1. Ils découvrent les principes de la morale, qui peuvent être présentés sous forme de maximes illustrées et expliquées par le maître au cours de la journée : telles que “La liberté de l’un s’arrête où commence celle d’autrui”, “Ne pas faire à autrui ce que je ne voudrais pas qu’il me fasse”, etc. Ils prennent conscience des notions de droits et de devoirs. 2. Ils approfondissent l’usage des règles de vie collective découvertes à l’école maternelle : telles l’emploi des formules de politesse ou du vouvoiement. Ils appliquent les usages sociaux de la politesse (ex : se taire quand les autres parlent, se lever quand un adulte rentre dans la classe) et coopèrent à la vie de la classe (distribution et rangement du matériel). (…) Ils apprennent à reconnaître et à respecter les emblèmes et les symboles de la République (la Marseillaise, le drapeau tricolore, le buste de Marianne, la devise “Liberté, Égalité, Fraternité”) » (MEN, 2008, p. 12).

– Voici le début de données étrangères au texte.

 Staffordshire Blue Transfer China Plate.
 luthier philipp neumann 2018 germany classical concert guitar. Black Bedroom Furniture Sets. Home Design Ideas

Discipline : « il faut qu’il y ait imposition et acceptation d’une discipline intellectuelle et corporelle réputée favorable aux apprentissages, que l’apprentissage soit d’une certaine façon « laborieux », qu’il ne se fasse pas spontanément mais au prix d’une volonté et d’efforts ».

Traits spécifiques de la forme scolaire (Maulini, O. & Perrenoud, P., 2005, p.152)

Traces dans les programmes de 2008 et les instructions ministérielles les accompagnant

Normes d’excellence : « Pour qu’il y ait forme scolaire, il faut qu’il y ait référence à des normes d’excellence et à des critères d’évaluation permettant de définir et mesurer une progression des apprentissages ».

A partir de la rentrée 2008, sont proposés, en ligne, des protocoles d’évaluation, permettant de dresser un bilan des acquis des élèves par disciplines de la grande section de maternelle au CM2. Des évaluations nationales au CE1 et CM2 sont mises en place. Le ministre de l'éducation nationale annonce alors sa volonté, pour la rentrée 2009, de voir les résultats de ces évaluations « rendus publics école par école » (conférence de presse de Xavier Darcos du 11 décembre 2008), ce à quoi s'opposeront les syndicats enseignants et la Fédération des parents d 'élèves (FCPE). En septembre 2008, un livret à destination des familles comprenant les programmes édités par le ministère pour les parents a été distribué dans les écoles. « Les nouveaux programmes sont respectueux de la liberté pédagogique que la loi garantit aux enseignants dans le cadre du projet d’école. Cette liberté réaffirmée va de pair avec une responsabilité accrue car l’efficacité de l’école comme celle de ses maîtres ne se conçoit qu’au regard des progrès réalisés par les élèves » (DGESCO, 2008).

Remarquons enfin, ici, un autre paradoxe concernant l'éducation à l'égalité des sexes : tandis que cette forme scolaire traditionnelle qui demande planification et transposition didactique est mise en avant et prônée au travers des programmes scolaires, l'éducation à l'égalité des sexes, elle, n'est justement ni planifiée dans ces textes, ni transposée didactiquement en terme de contenus. En outre, elle est difficilement évaluable et ne répond pas non plus aux normes d'excellences mises en avant dans les programmes de 2008.

En résumé, les professeur-e-s des écoles se retrouvent face à :

• une commande institutionnelle d'éduquer à l'égalité des sexes qui n'est pas déclinée de manière pragmatique en termes de pistes pédagogiques ou de démarches à mettre en place pour éduquer à l'égalité des sexes ou à la citoyenneté ;

• des textes qui prescrivent et définissent différemment selon les années, les gouvernements et les circulaires ce que pourrait signifier éduquer à l'égalité des sexes ;

• des programmes scolaires, qui, eux, non seulement n'évoquent que très brièvement l'éducation à l'égalité des sexes mais, de surcroît, incitent à une forme scolaire très traditionnelle en tension ou même parfois en contradiction avec les modalités qui pourraient permettre une socialisation démocratique et l'éducation à l'égalité des sexes.

L'analyse ainsi effectuée concernait un encadrement de l'éducation à l'égalité des sexes n'ayant cours que jusqu'à l'année scolaire 2014-2015, période pendant laquelle a eu lieu la Recherche-Action analysée dans cette thèse. Mais nous nous sommes également interrogée, rétrospectivement à cette Recherche-Action, sur une éventuelle évolution de l'accompagnement institutionnel de l'éducation à l'égalité des sexes depuis 2015.